It is significant to note that the word ‘tax’ is used in conjunction with the words ‘any rate or tax’. The word ‘any’ goes both with the rate and tax. The expression is further qualified as a rate or tax levied on the profits or gains of any business or profess on or assessed at a proportion of, or otherwise on the basis of, any such profits or gains. If the word ‘tax’ is to be given the meaning assigned to it by section 2(43), the word ‘any’ used before it will be otiose and the further qualification as to the nature of levy will also become meaningless. Furthermore, the word ‘tax’ as defined in section 2(43) of the Act is subject to “unless the context otherwise requires”. In view of the discussion above we hold that the word ‘any’ tax herein refers to any kind of tax levied or leviable on the profits or gains of any business or profession or assessed at a proportion oj or otherwise on the basis oj any such profits or gains.
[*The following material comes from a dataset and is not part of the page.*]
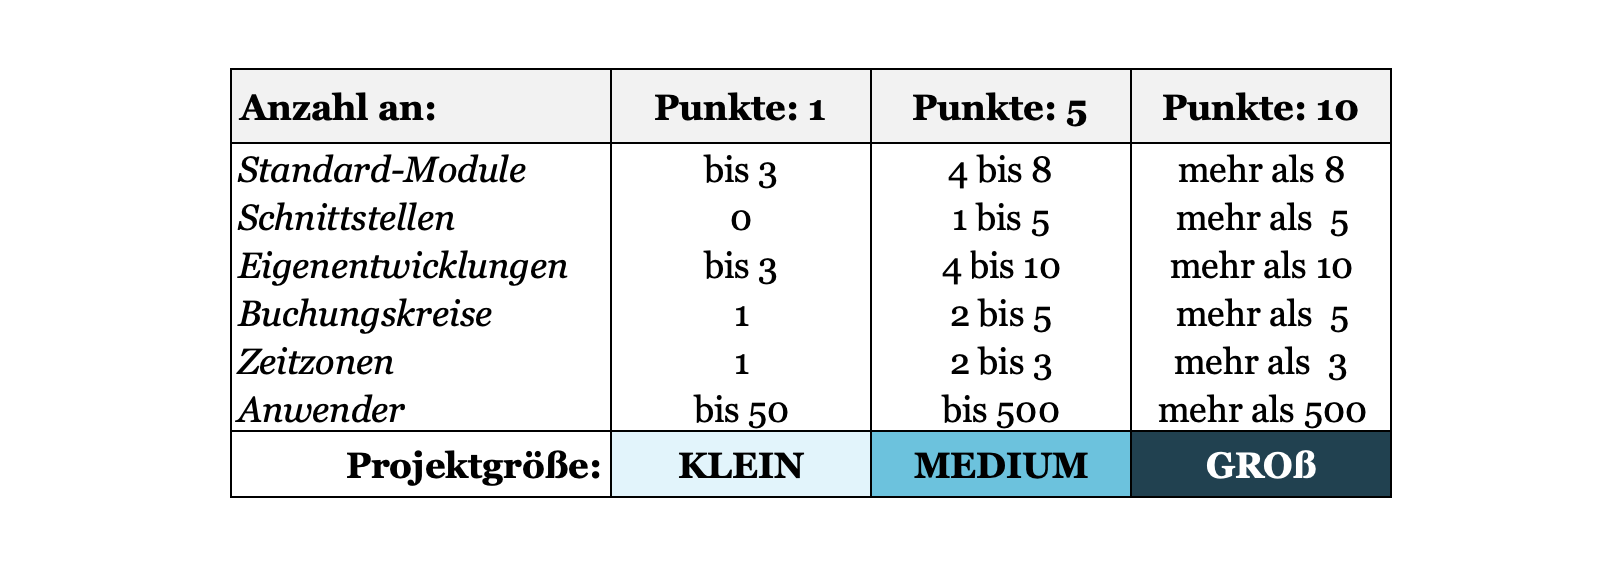 SAP-Projekttypen nach Projektgröße_Agilon GmbH

16. Hon’ble Bombay High Court’s judgment Lubrizol India Ltd (supra) which holds that the meaning of expression ‘tax’ cannot be restricted to the definition of ‘tax’ was delivered on 11th July 1990, and, to that extent, Tribunal’s decision dated 23rd October 1984, in assessee’s own case for the assessment year 1976-77 and which has been followed in all other assessment years, is no longer good law. None of the subsequent decisions of the Tribunal, which merely followed the said order, had an occasion to deal with the law so laid down by Their Lordships. It needs hardly be stated that mere rejection of reference by the Hon’ble High Court does not amount to approval of the views of the Tribunal. As against this rejection of reference, which is sought to be construed as implied approval of Tribunal’s analysis, there is a direct decision by the Hon’ble High Court holding that definition of tax under section 2(43) is not relevant for the purpose of Section 40(a) (ii). With respect, instead of following the coordinate bench in such circumstances, we have to yield to the higher wisdom of the Hon’ble Courts above.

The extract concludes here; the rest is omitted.